## [WHAT TO PRODUCE]
The reply should repeat all of the data word for word, with no pictures.

#### PROVIDED MATERIAL ####

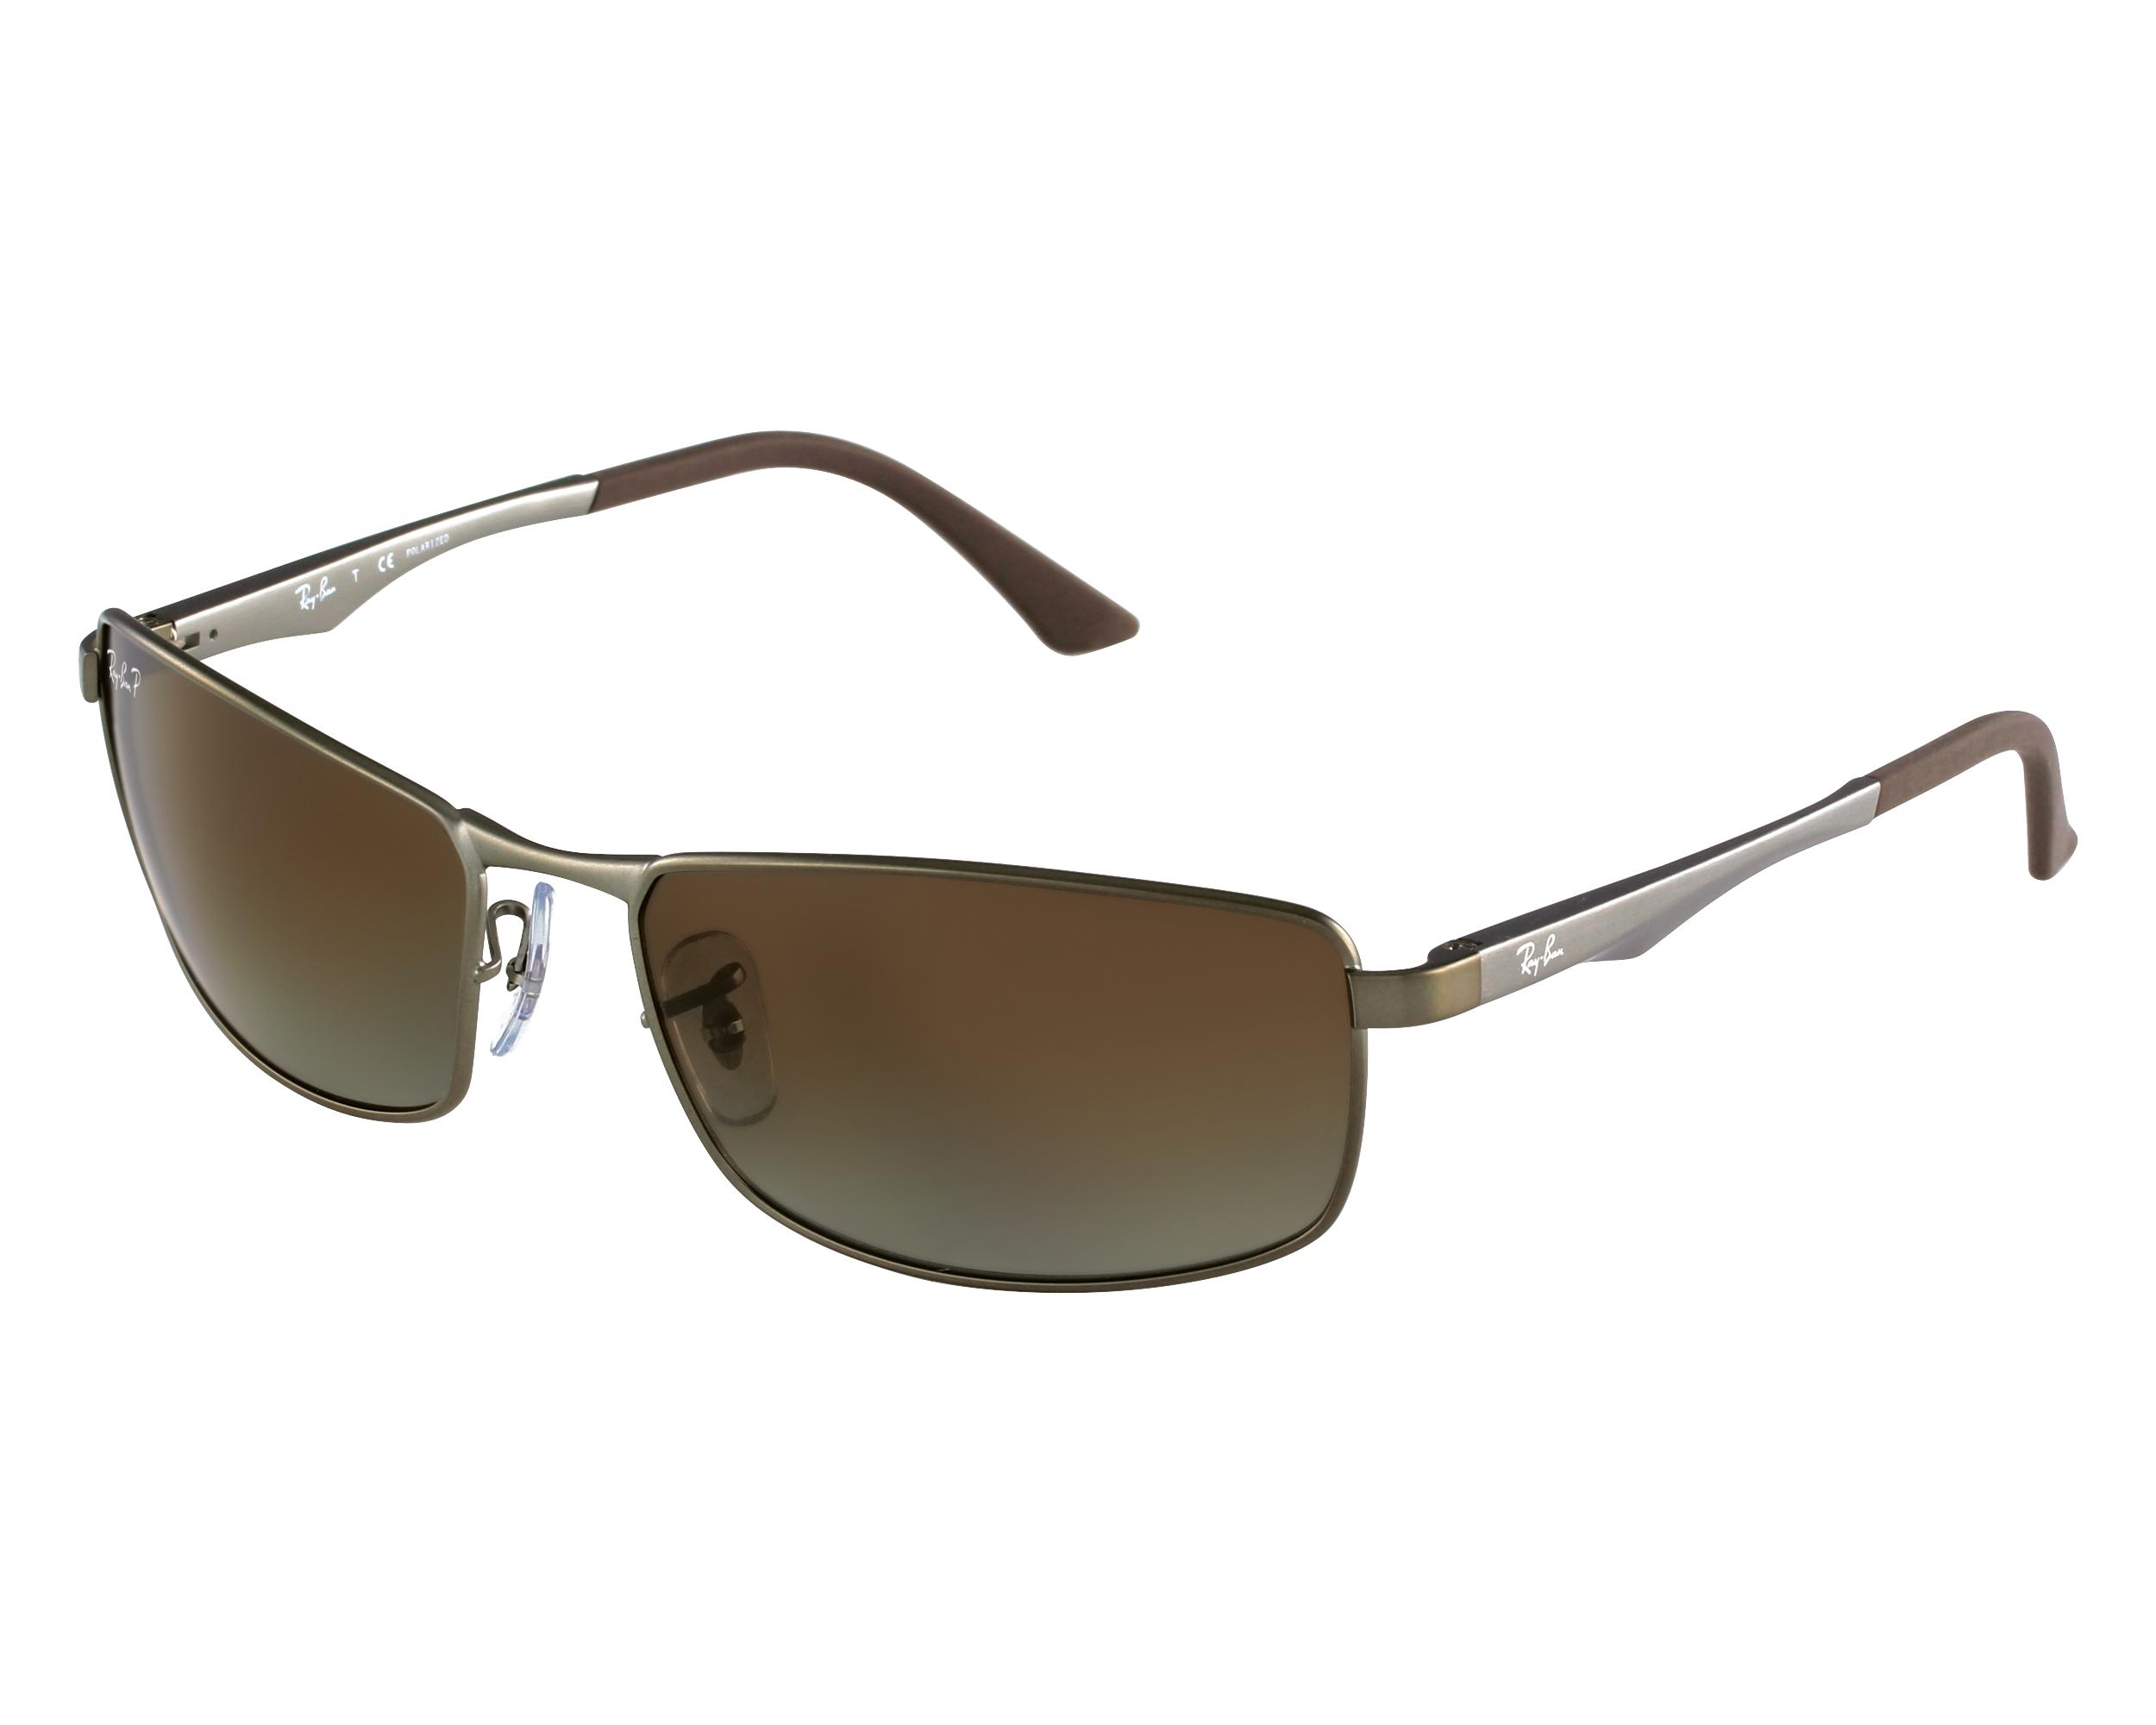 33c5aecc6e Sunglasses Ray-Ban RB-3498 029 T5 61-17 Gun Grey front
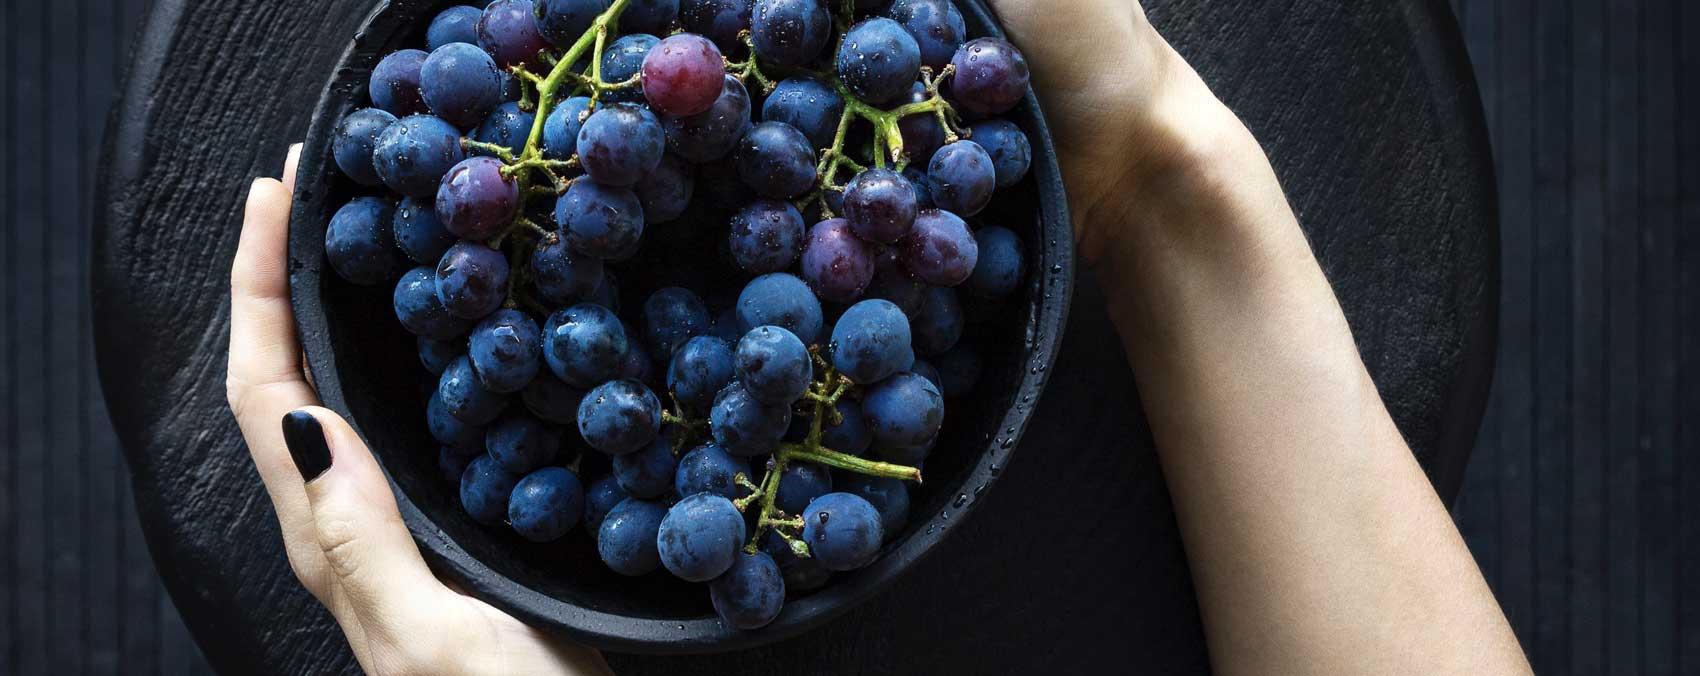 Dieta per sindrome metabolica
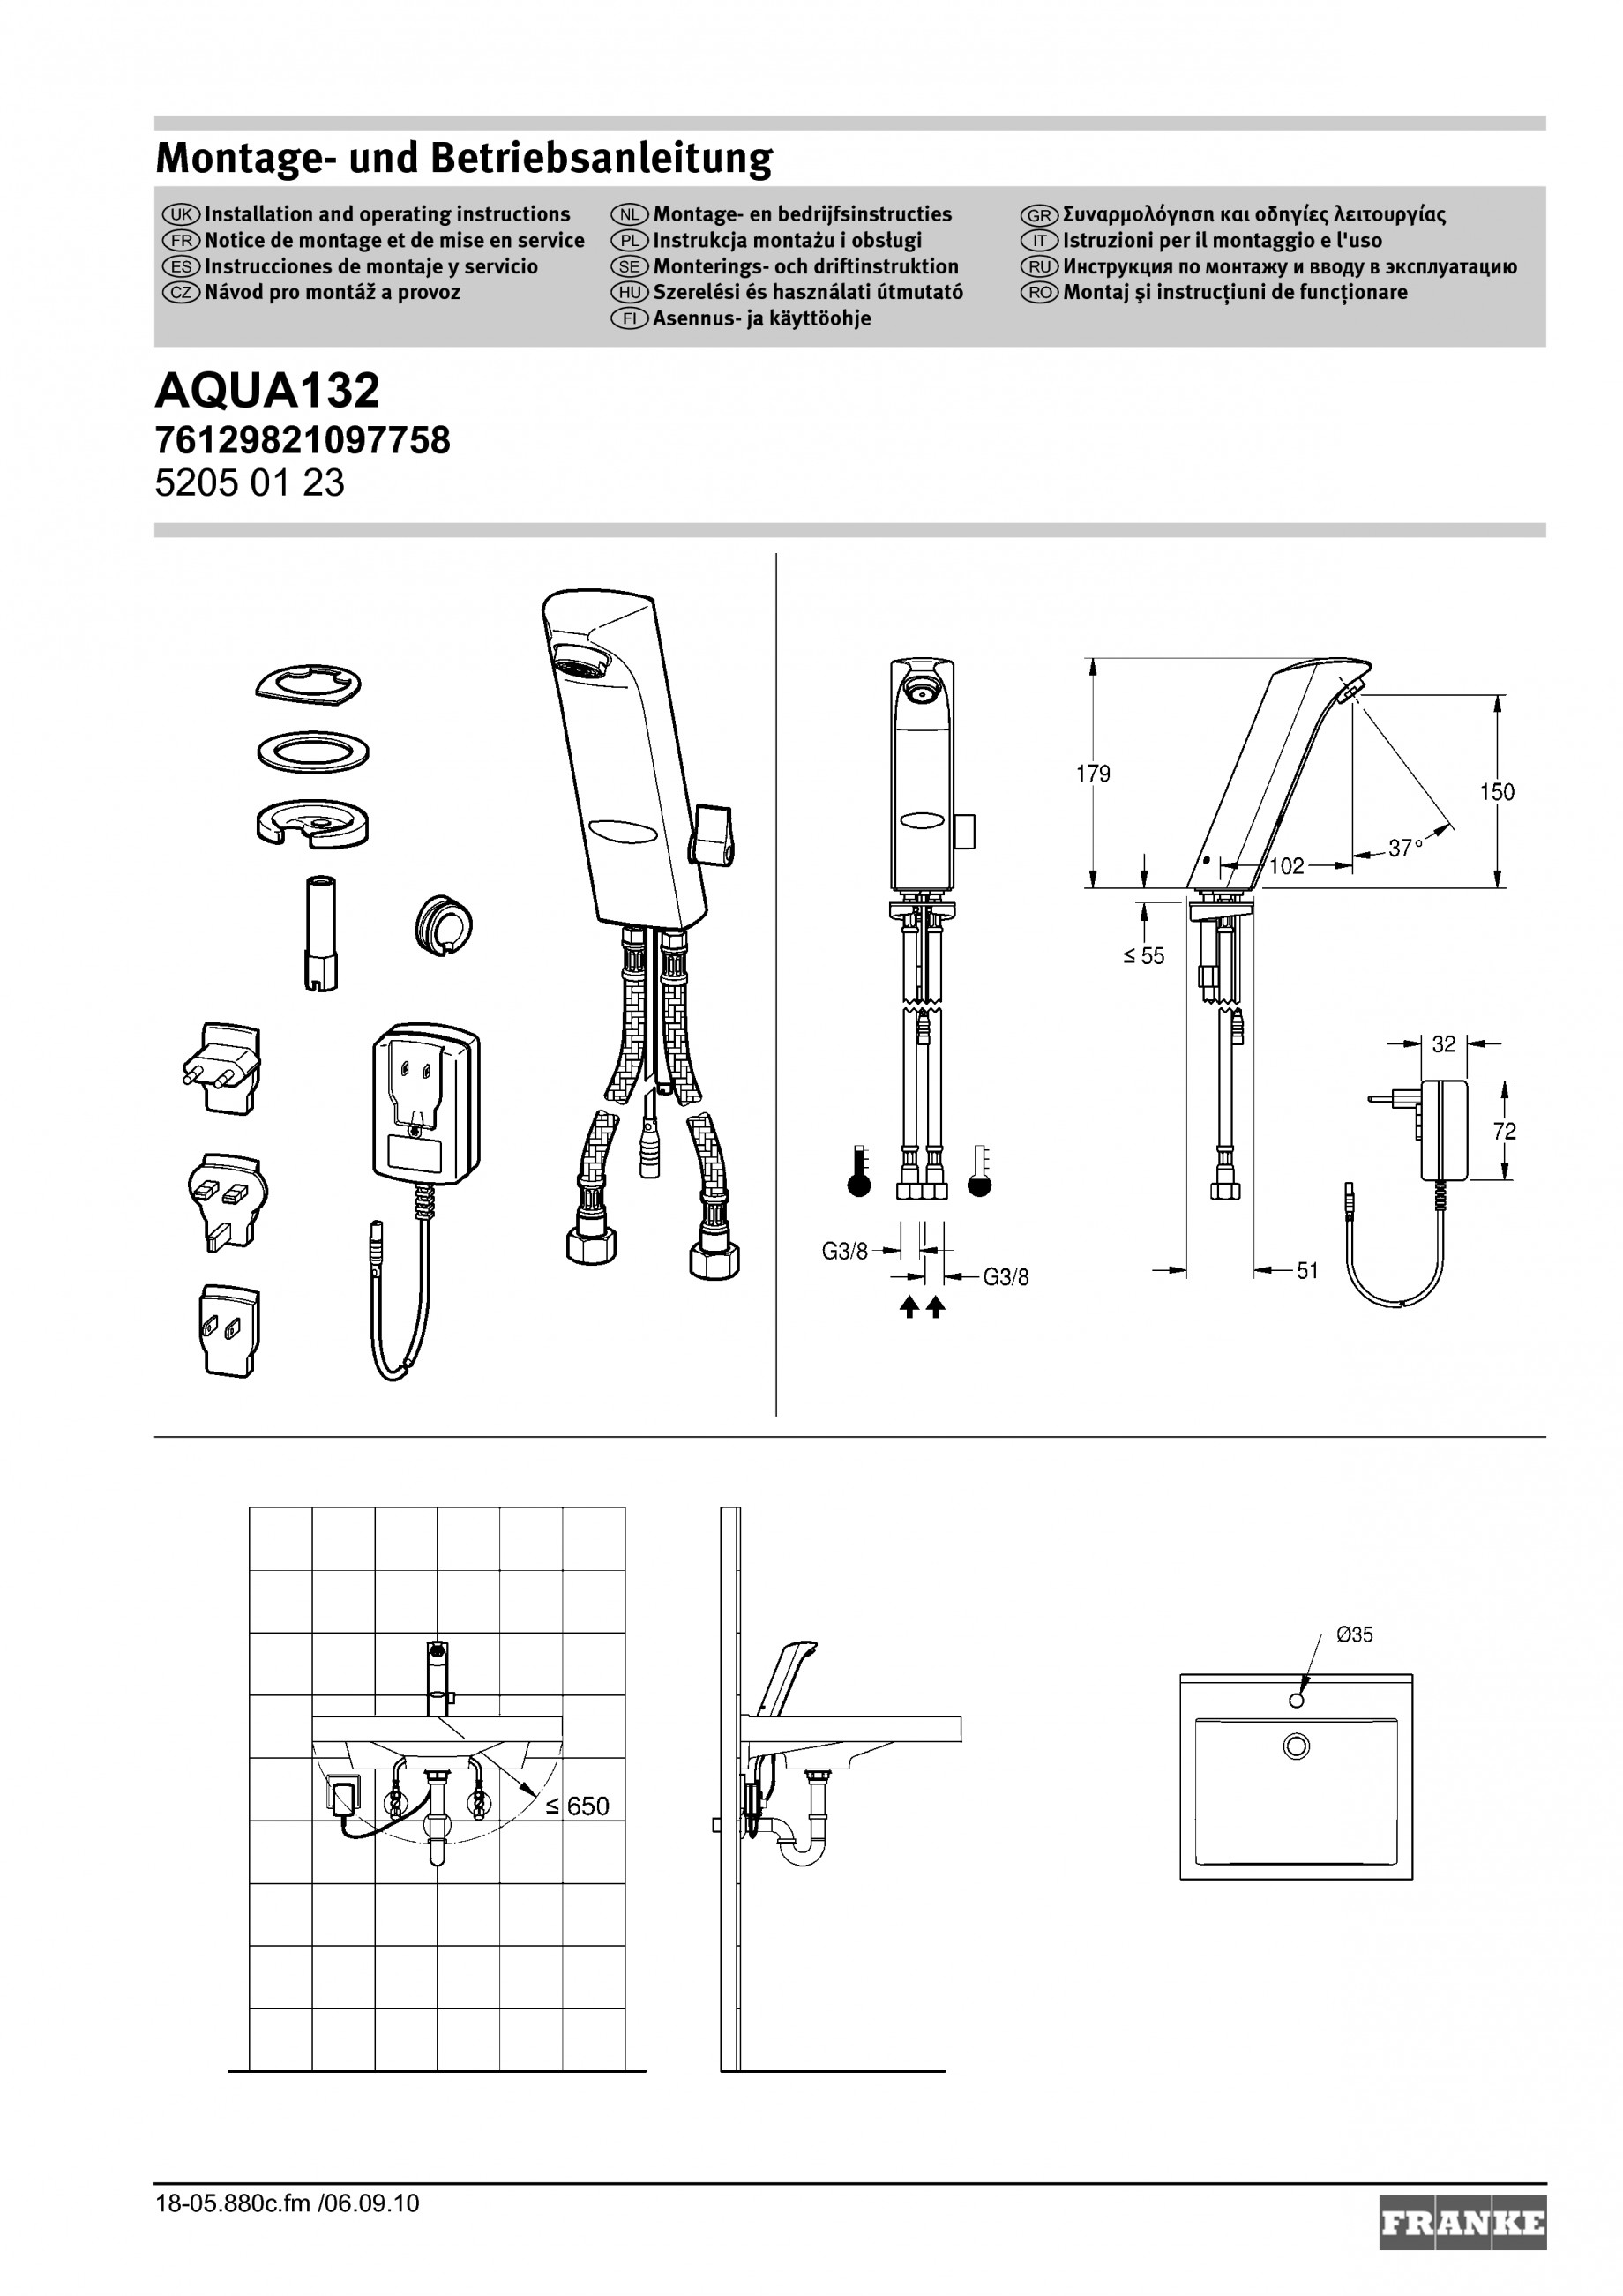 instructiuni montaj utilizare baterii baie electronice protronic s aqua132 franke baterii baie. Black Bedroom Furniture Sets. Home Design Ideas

####

## [YOUR RESPONSE]
 33c5aecc6e Sunglasses Ray-Ban RB-3498 029 T5 61-17 Gun Grey front
 Dieta per sindrome metabolica
 instructiuni montaj utilizare baterii baie electronice protronic s aqua132 franke baterii baie. Black Bedroom Furniture Sets. Home Design Ideas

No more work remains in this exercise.